The document also said the new government in Palestine, “must put their hands on the data regarding the agents of the occupation in Palestine in the region and [throughout] the world… using this information we can purge Palestine and the Arab and Islamic homeland of the hypocrite scum that spread corruption in the land.”

In other words, anyone considered a fighter will be killed, other Jews will be allowed or encouraged to flee or possibly allowed to stay if they surrender and promise to be “integrated.” However, educated Jewish experts will not be allowed to leave and instead be forced to serve the new regime. 

Moreover, anyone deemed an “agent of occupation”, whatever that means (anyone who served the Israeli government or army in any role, perhaps??) must be “purged”. This is a bit unclear, but certainly suggests bad things will happen to them. 
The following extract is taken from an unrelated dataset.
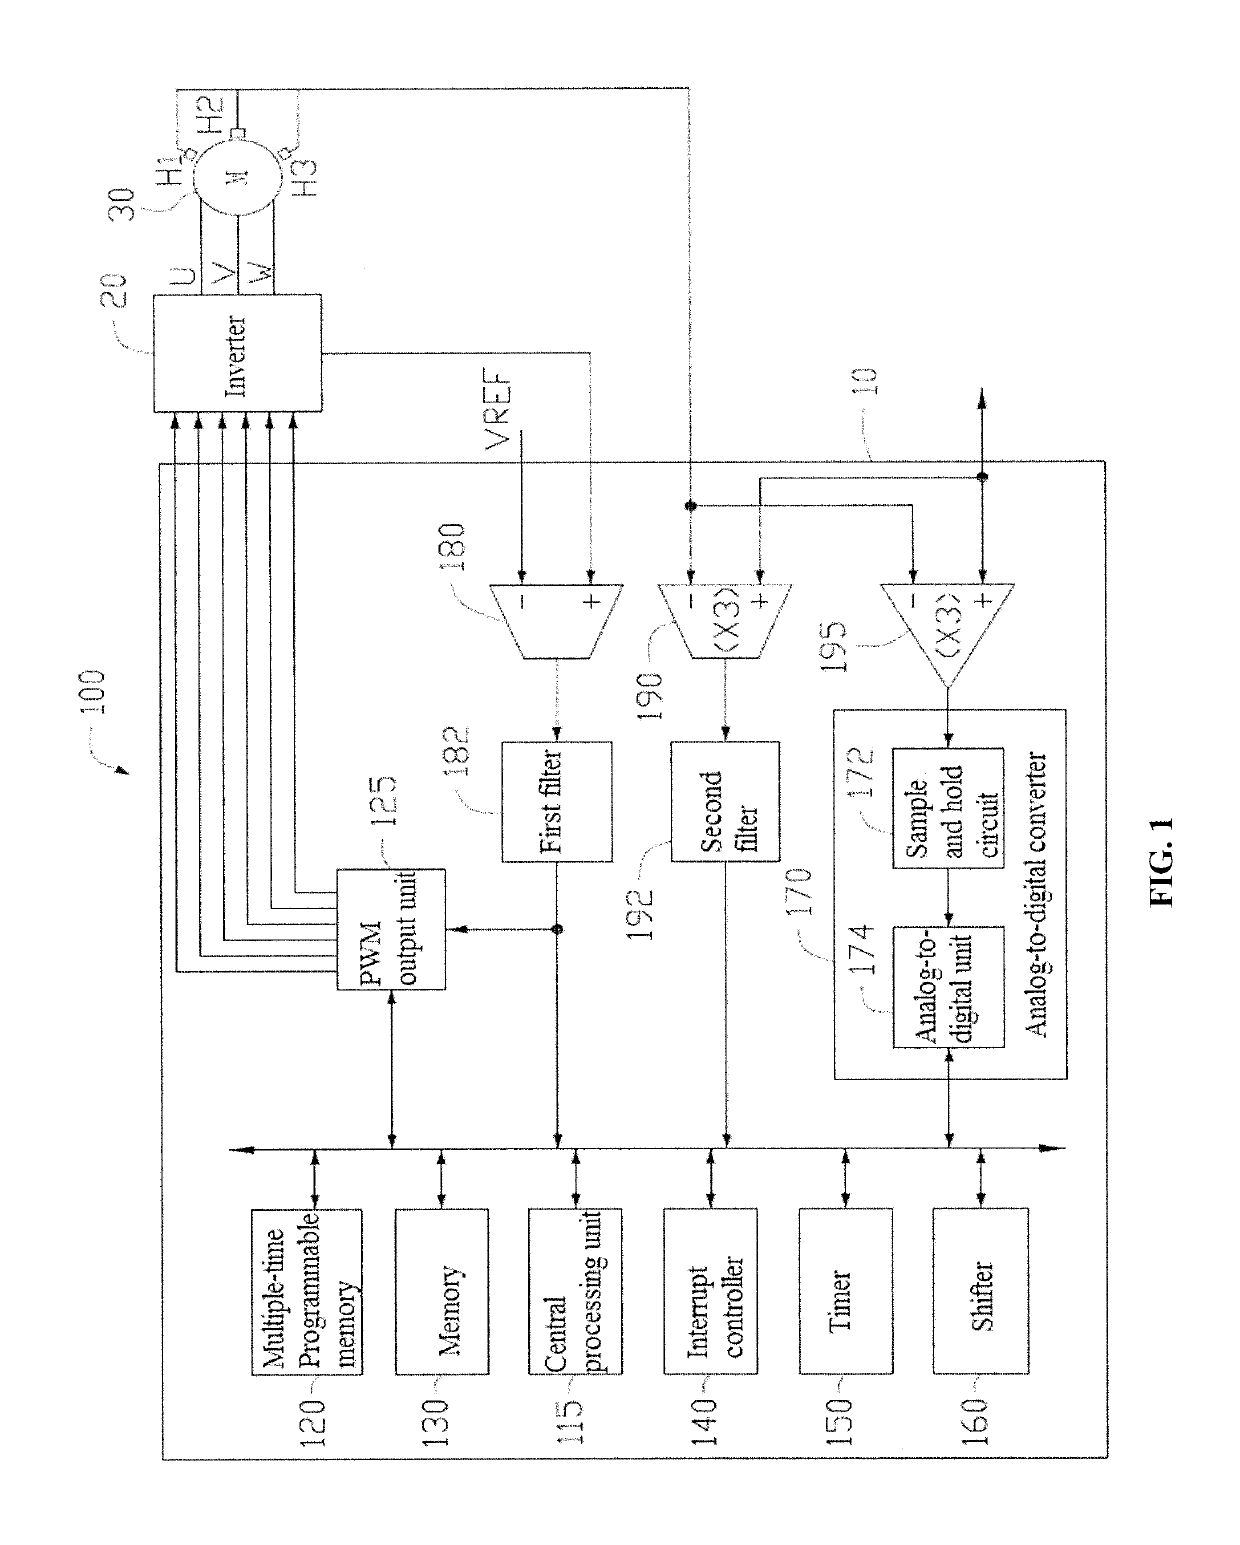 Motor-driven integrated circuit, motor device, and application apparatus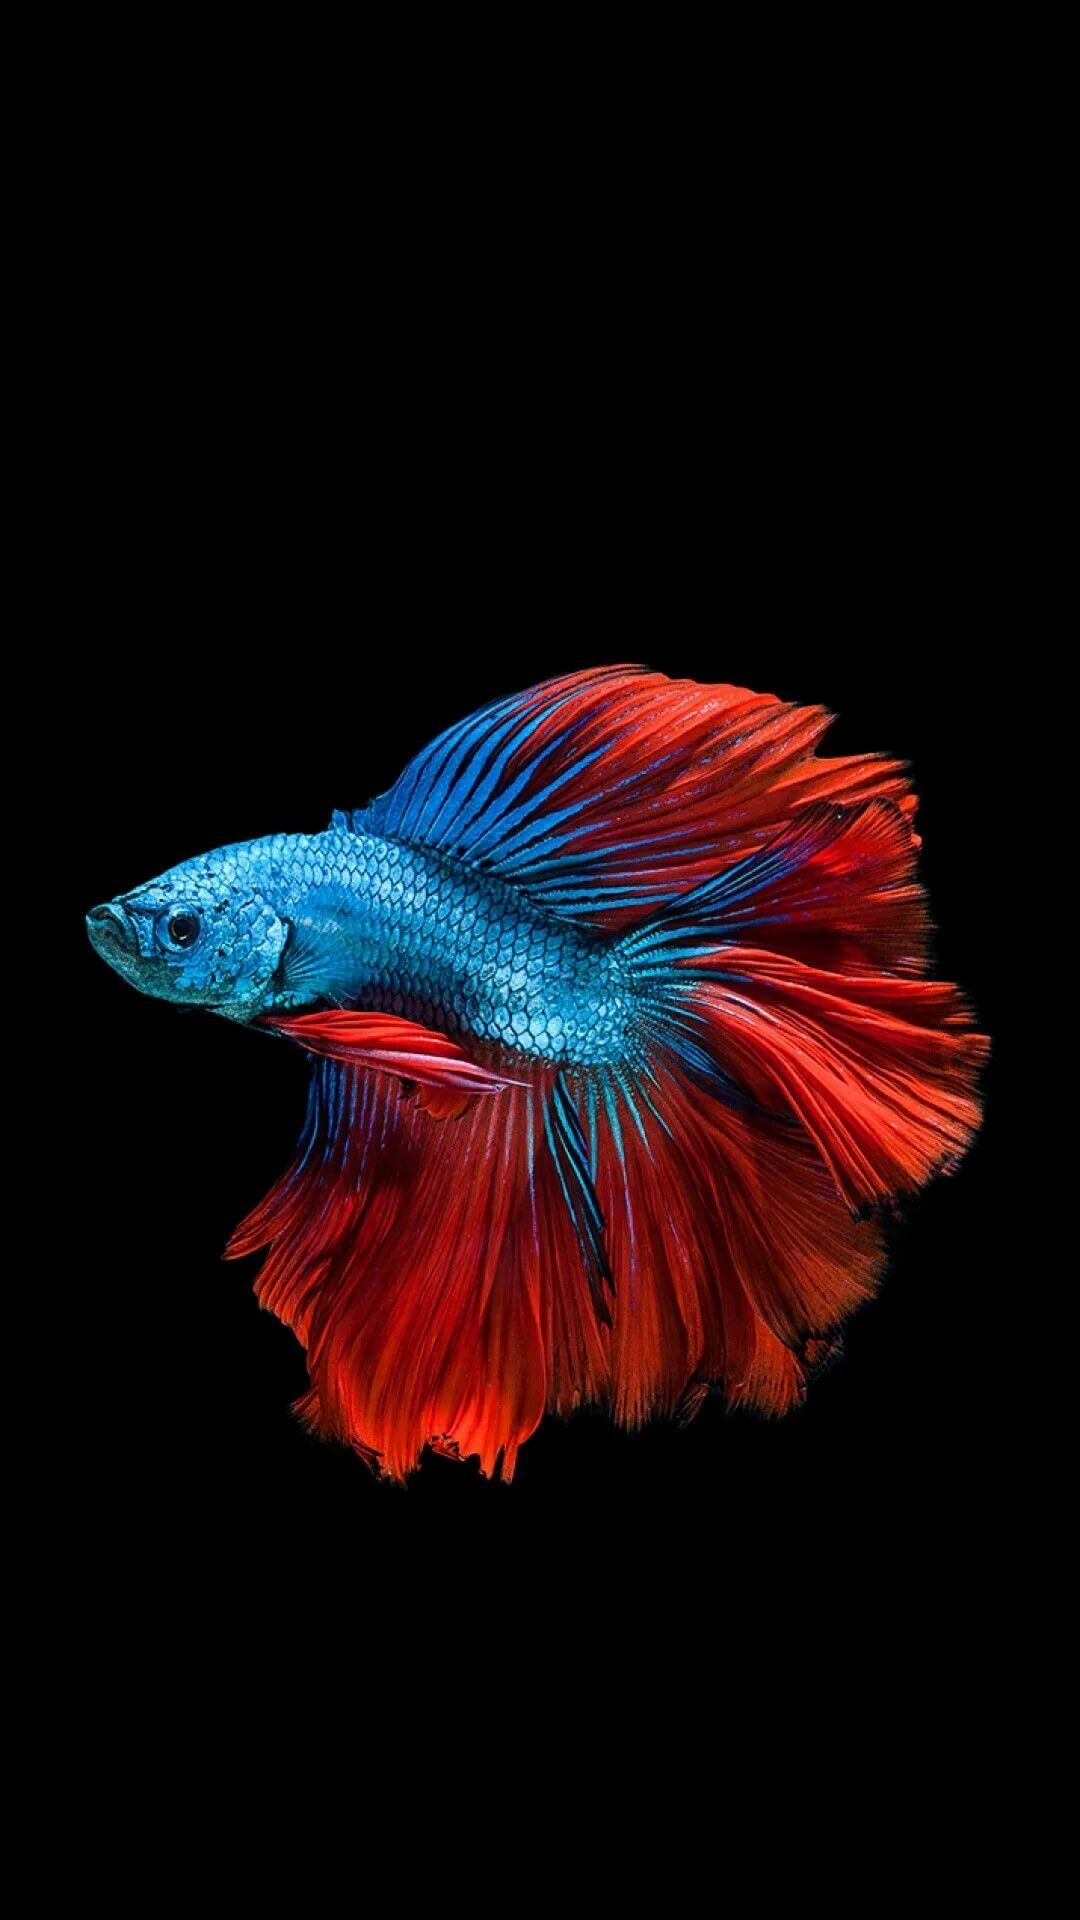 Fish: Betta, A freshwater species indigenous to Southeast Asia. 1080x1920 Full HD Wallpaper.

It’s clearly a formula for a form of ethnic cleansing – and Hamas is being completely open about it. And yet there are still people going around insisting Hamas is becoming moderate. 

 

The ABC gets smart

The ABC Board, led by Chair Ita Buttrose, deserves kudos for its decision to establish an inquiry into the network’s very problematic complaints procedure. It’s a welcome move, but also a smart one. In addition to concerns expressed by AIJAC and other Jewish groups, the ABC has been under fire for blatant journalistic malpractice in the “Ghost Train” documentary, pushing hard on unprovable claims against conservative politicians, and other serious problems. 

Hopefully, the inquiry will recognise that the only way to restore a measure of faith in our national broadcaster is to establish a complaints procedure which is genuinely independent and external – which is not the case with the current system.